No pintaba más rápido, sin embargo. El cuadro de la chica con la jarra de agua le llevó cinco meses. Muchas veces me preocupaba el que Maria Thins pudiera recordarme que no le estaba ayudando a pintar más rápido y me dijera que recogiera mis cosas y me fuera.

Pero no lo hizo. Sabía que aquel invierno había estado muy ocupado en la Hermandad, así como en Mechelen. Tal vez había decidido esperar a ver si las cosas cambiaban en el verano. O puede que le costara trabajo recriminárselo, pues le gustaba mucho el cuadro.

– Es una pena que un cuadro tan bueno vaya a acabar en la casa del panadero -comentó ella un día-. Podríamos haberle sacado más si se lo hubiéramos vendido a Van Ruijven.

No cabía duda de que él pintaba y ella hacía los tratos. Al panadero también le gustó el cuadro.
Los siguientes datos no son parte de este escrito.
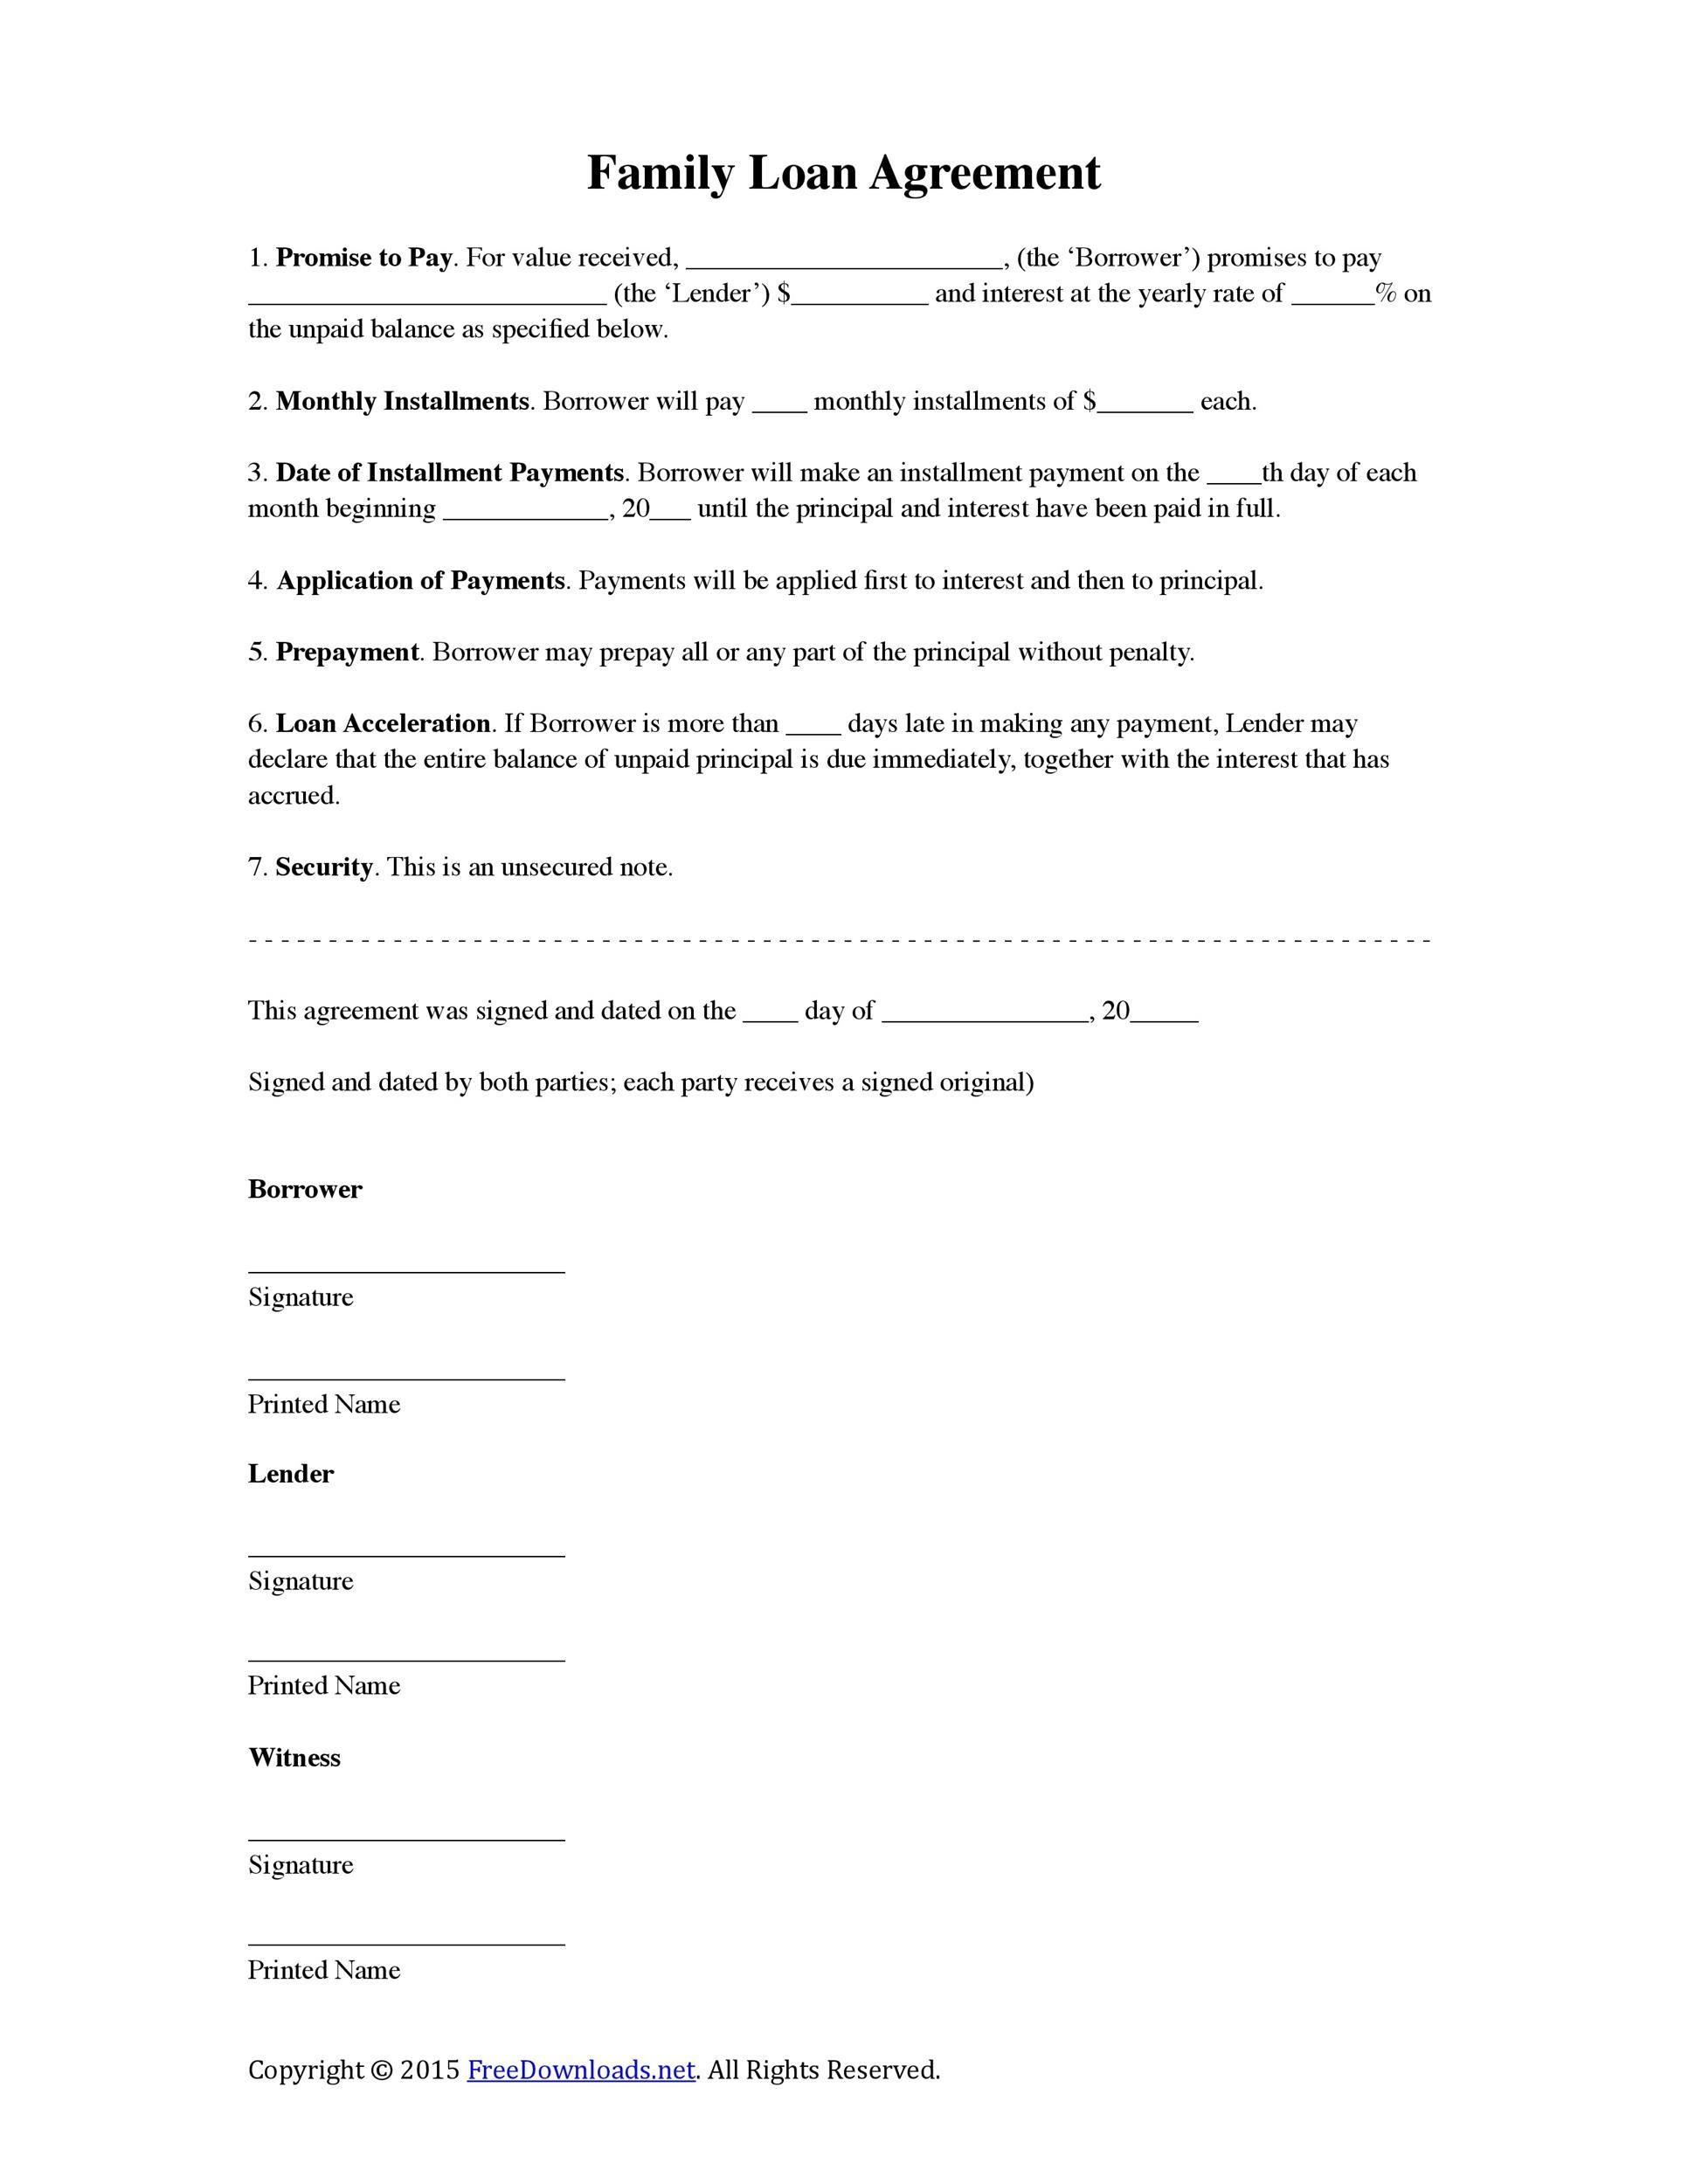 008 Impressive Family Loan Agreement Template Pdf Uk Image Full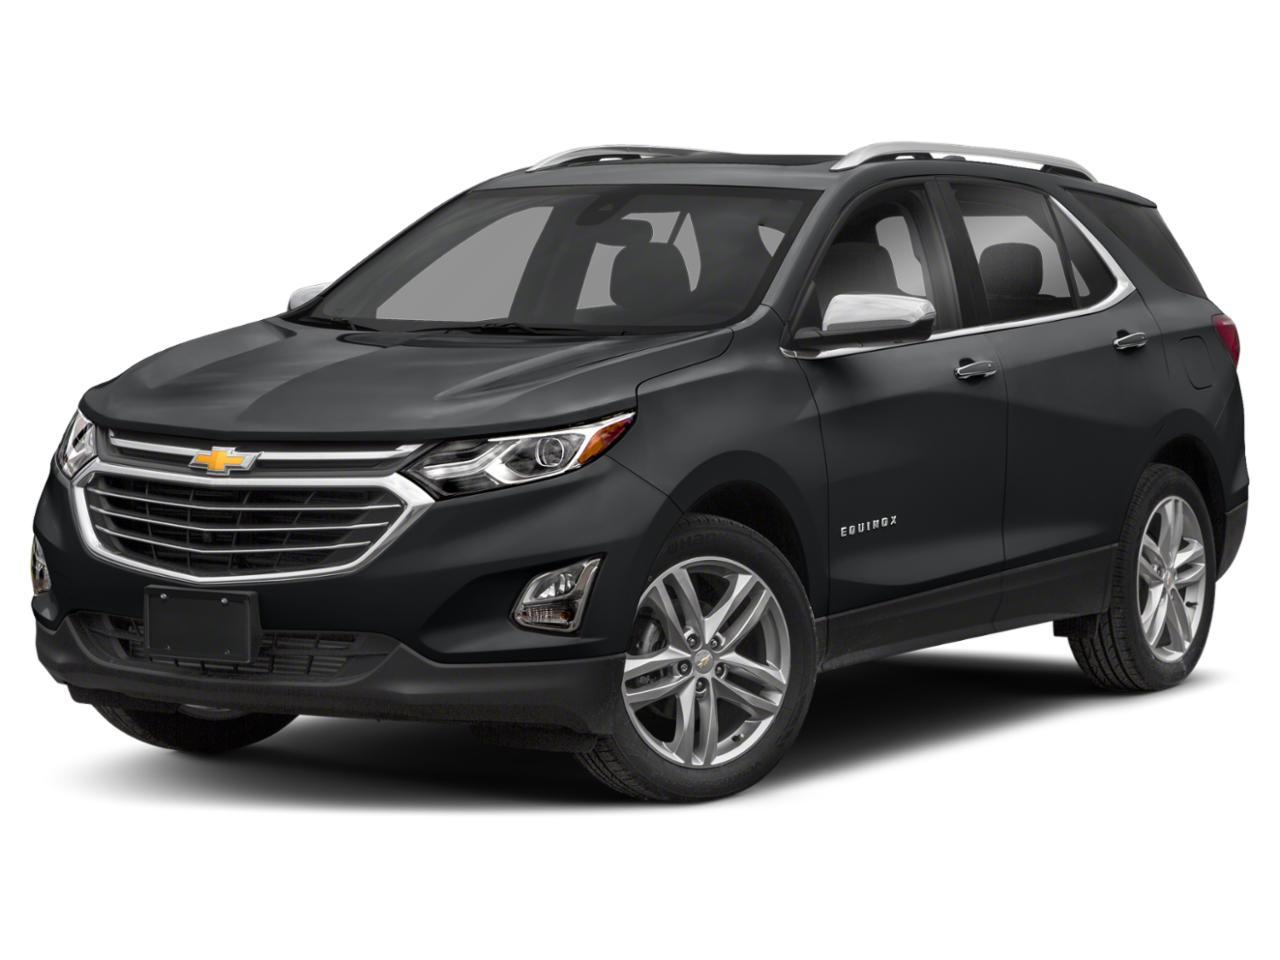 2020 Chevrolet Equinox Vehicle Photo in Lubbock, TX 79412

El día que vino a verlo fue muy diferente de la visita formal que habían realizado Van Ruijven y su esposa varios meses antes para ver su cuadro. El panadero trajo a toda su familia, incluyendo varios niños y una o dos hermanas. Era un hombre muy alegre; tenía la cara permanentemente encarnada por el calor del horno y parecía que había metido el pelo en un saco de harina. Rechazó el vino que le ofreció María Thins y prefirió una jarra de cerveza. Le gustaban los niños e insistió en que dejaran entrar también al estudio a las cuatro niñas y a Johannes. Ellas también lo querían; siempre que venía de visita les traía una nueva concha para su colección. Esta vez había traído una del tamaño de mi mano, que era rugosa y puntiaguda, con unas marcas amarillo pálido, por fuera, y lisa, con un tono rosa anaranjado, por dentro. A las niñas les encantó y se fueron corriendo en busca del resto de sus conchas. Las subieron y se pusieron a jugar en el almacén con los hijos del panadero, mientras Tanneke y yo servíamos a los invitados mayores en el estudio.

El panadero anunció que el cuadro le satisfacía.

– Mi hija ha salido muy bien en él, y eso me basta -dijo.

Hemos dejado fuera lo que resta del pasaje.